Step 403, when the server detects that the target chapter does not have a corresponding generated audio file, the target chapter is segmented to obtain a plurality of segmented texts.

Step 404, after obtaining each cut text, the server sends the obtained cut text to the audio conversion server.

Step 405, after generating an audio file corresponding to any segmentation text, the audio conversion server sends the generated audio file to the server.

Step 406, the server receives and stores the audio file corresponding to the segmentation text sent by the audio conversion server, and generates an audio list based on the file information and the identification information of the audio file.

Step 407, the server sends the audio list to the user terminal.

Step 408, the user side receives the audio list sent by the server, and controls the player to sequentially play the audio files corresponding to the cut text based on the audio list.

It will be appreciated by those skilled in the art that in the above-described method of the specific embodiments, the written order of steps is not meant to imply a strict order of execution but rather should be construed according to the function and possibly inherent logic of the steps.

According to the audio conversion method and the audio playing method provided by the embodiment of the disclosure, under the condition that the target chapter does not have the generated audio file, the chapter can be segmented, then the audio conversion server can convert by taking the segmented text as a unit, the segmented text is sent to the user side for playing after conversion, in the process, the time for converting the segmented text is shorter, so that the purposes of converting the audio conversion server and playing the audio file at the side of the user side can be achieved, the waiting time of the user is shortened, and the user experience is improved.

Based on the same inventive concept, the embodiments of the present disclosure further provide an audio conversion device corresponding to the audio conversion method, and since the principle of solving the problem by the device in the embodiments of the present disclosure is similar to that of the audio conversion method in the embodiments of the present disclosure, the implementation of the device may refer to the implementation of the method, and the repetition is omitted.

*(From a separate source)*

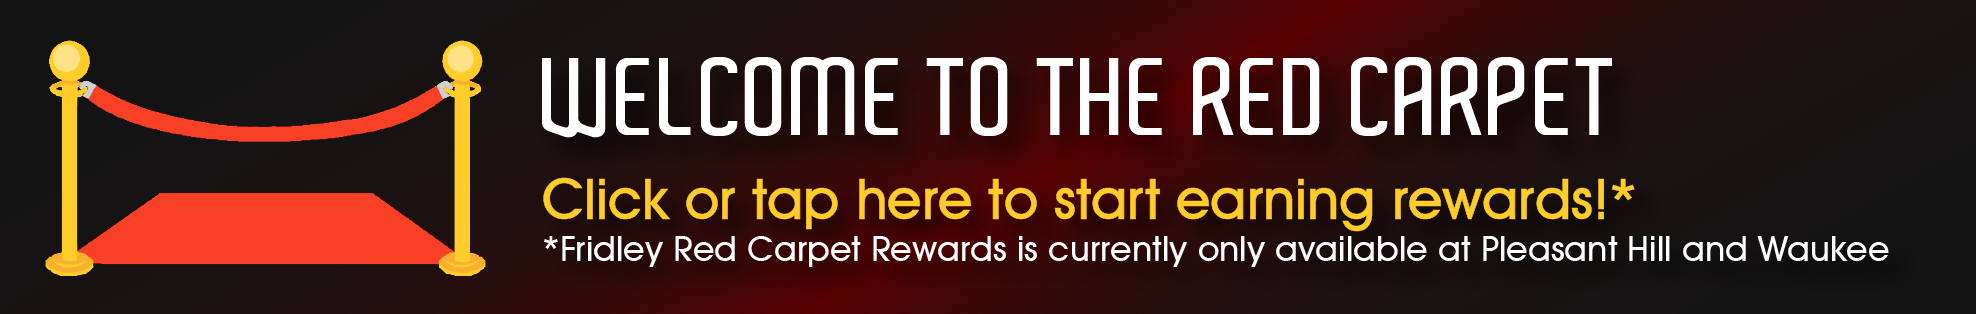 Red Carpet Rewards - click here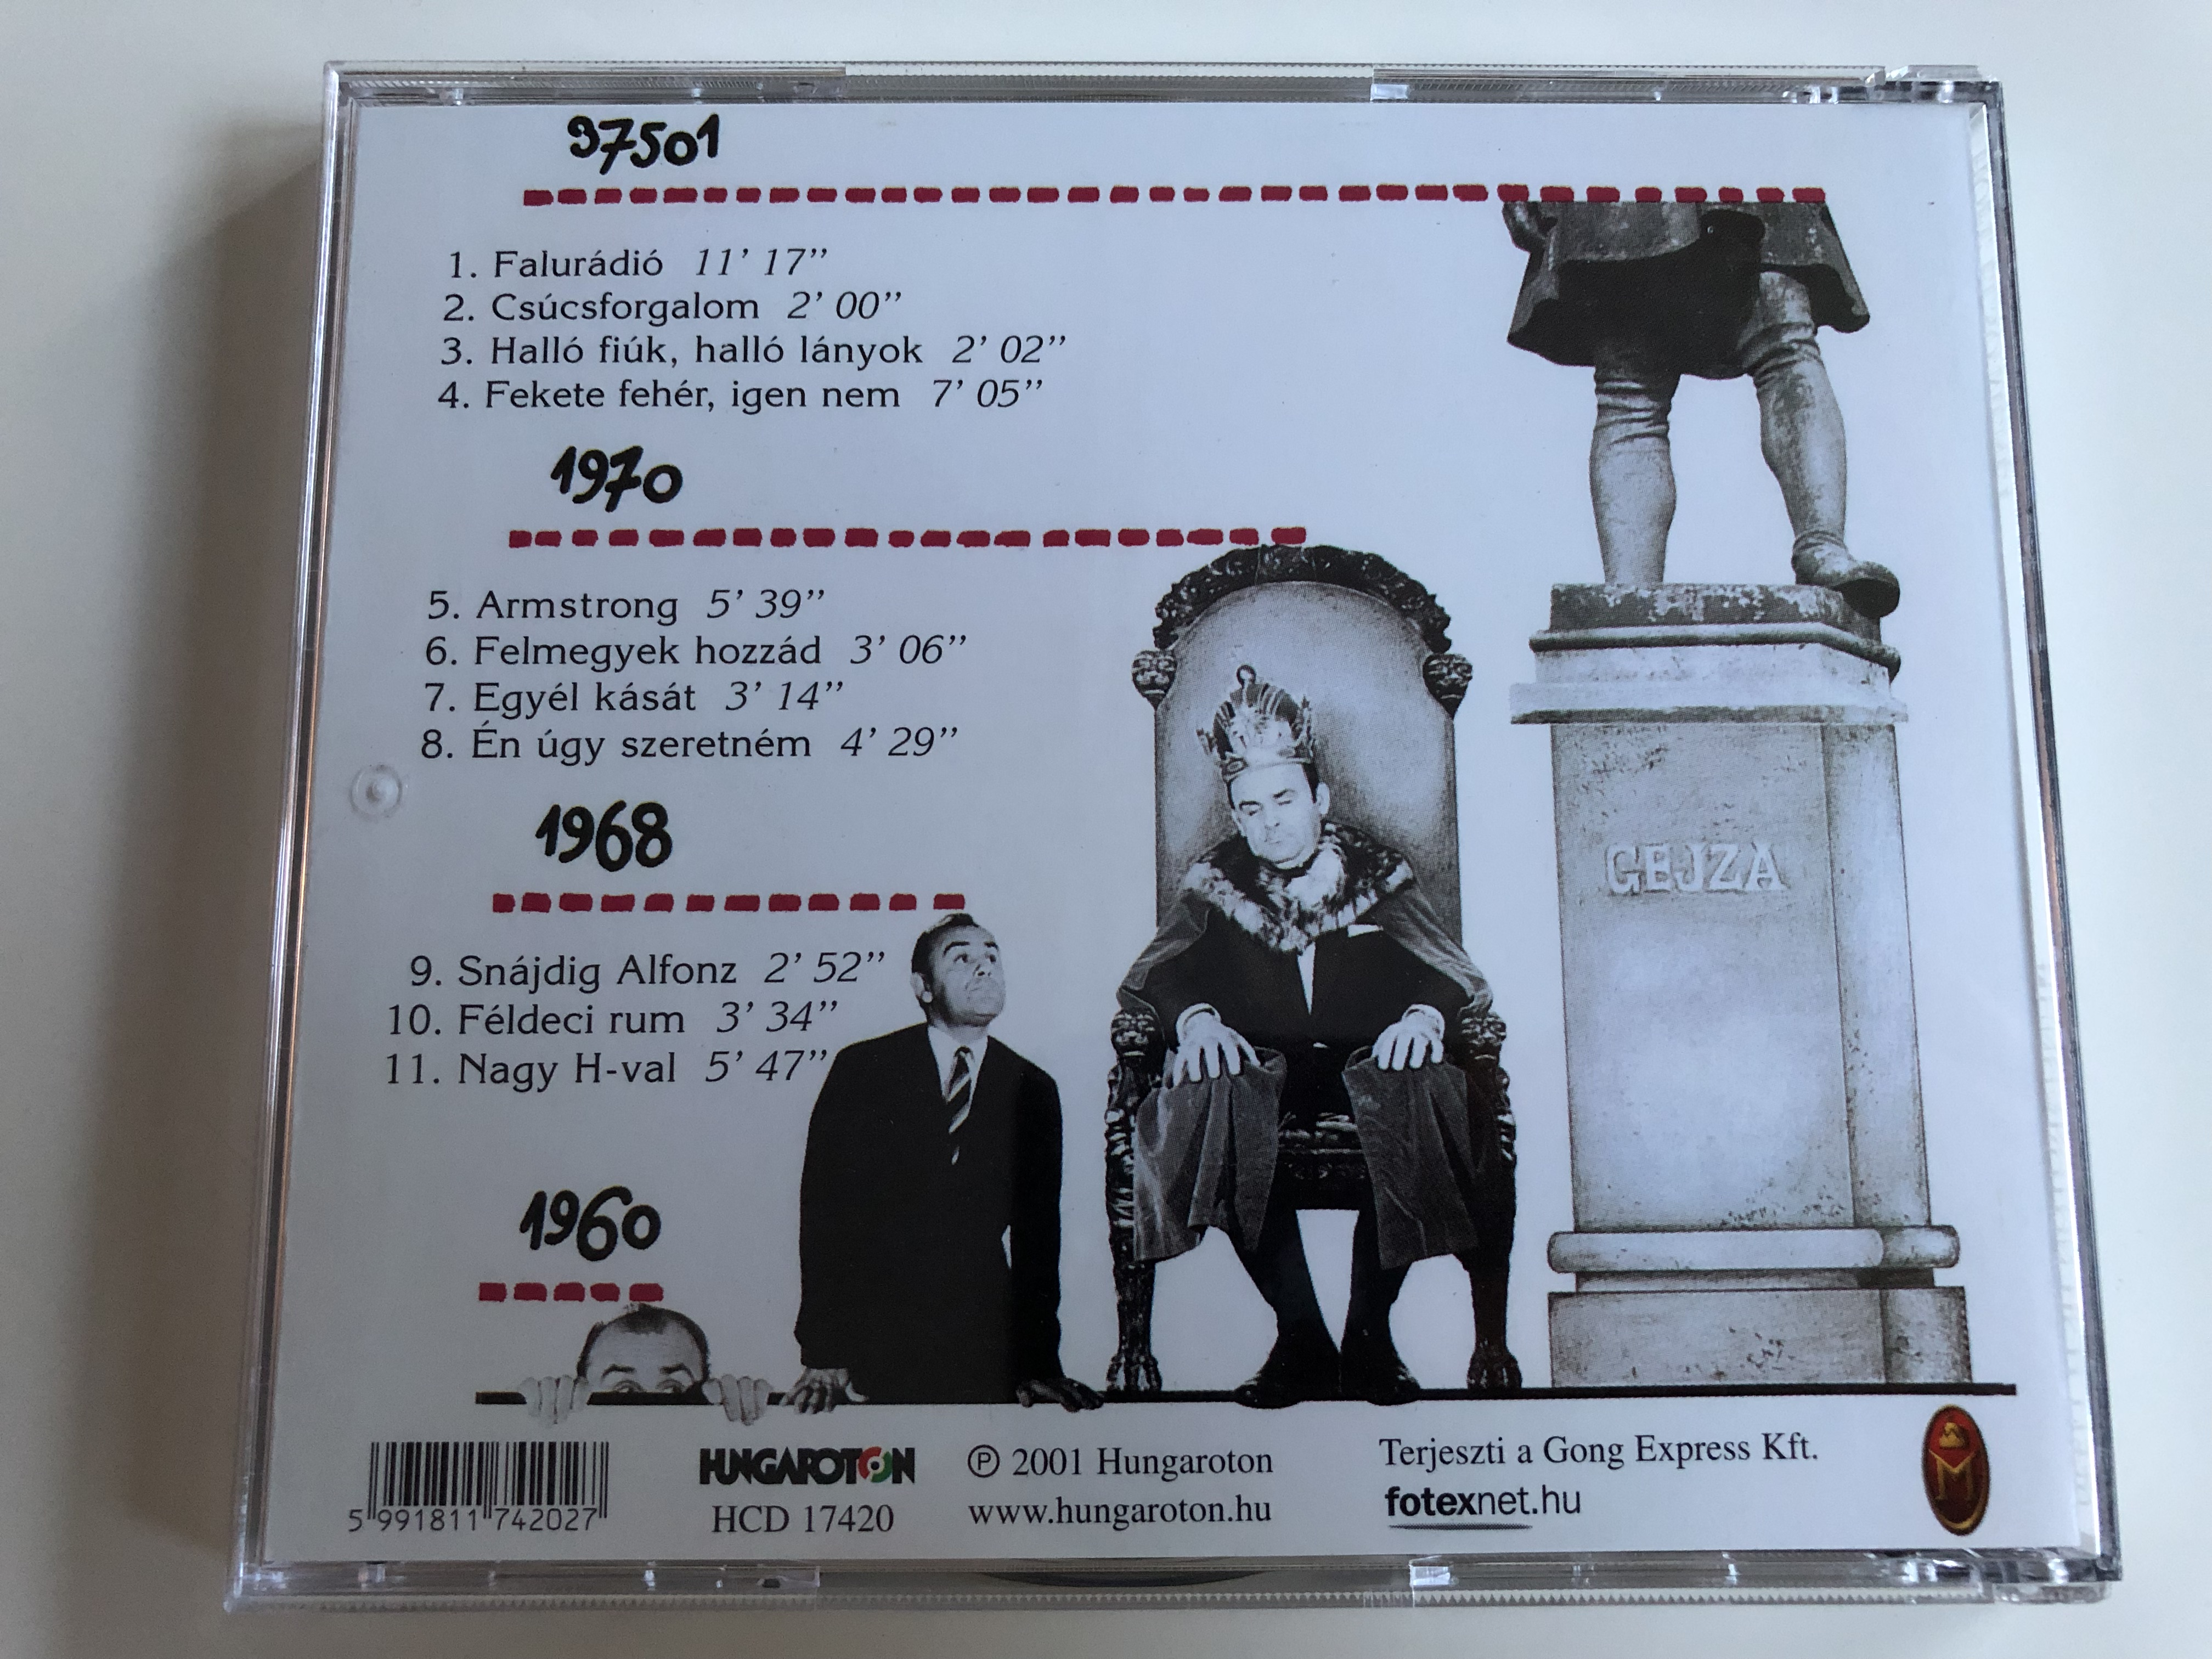 hofi-els-menet-audio-cd-2001-hungaroton-hcd-17420-hungarian-stand-up-comedy-show-with-g-za-hofi-5-.jpg

Referring to fig. 5, an architecture diagram of an audio conversion device according to an embodiment of the disclosure is shown, where the device includes: a receiving module 501, a slicing module 502, a generating module 503, and a transmitting module 504, wherein,

a receiving module 501, configured to receive an audio acquisition request corresponding to a target chapter;

the segmentation module 502 is configured to segment the target chapter to obtain a plurality of segmented texts in response to the absence of the audio file corresponding to the target chapter;

a generating module 503, configured to generate an audio file corresponding to each of the cut texts, and determine identification information of the audio file according to a typesetting sequence of each of the cut texts in the target chapter; storing audio files corresponding to the segmentation texts, and generating an audio list based on file information of the audio files corresponding to the segmentation texts and identification information of the audio files;

and the sending module 504 is configured to determine a total predicted playing duration of the target chapter, and send the audio list and the total predicted playing duration to a user side.

In a possible implementation manner, the segmentation module 502 is configured to, when segmenting the target chapter to obtain a plurality of segmented texts:

In a possible implementation manner, the generating module 503 is configured to, when generating an audio file corresponding to each of the cut texts:

the generating module 503 is configured to, when generating an audio list based on file information of an audio file corresponding to each of the cut texts and identification information of the audio file:

In a possible implementation manner, the generating module 503 is further configured to, after generating an audio file corresponding to each of the segmented texts based on the plurality of segmented texts:

In a possible implementation manner, the sending module 504 is configured to, when determining the total predicted playing duration corresponding to the target chapter:

In a possible implementation manner, the sending module 504 is configured to, when determining, based on the number of characters included in the target chapter, an estimated total playing duration of the audio file corresponding to the target chapter:

determining a target voice type selected by a user side;

In a possible implementation manner, after the audio list and the predicted total playing duration are sent to the user side, the sending module 504 is further configured to:

The process flow of each module in the apparatus and the interaction flow between the modules may be described with reference to the related descriptions in the above method embodiments, which are not described in detail herein.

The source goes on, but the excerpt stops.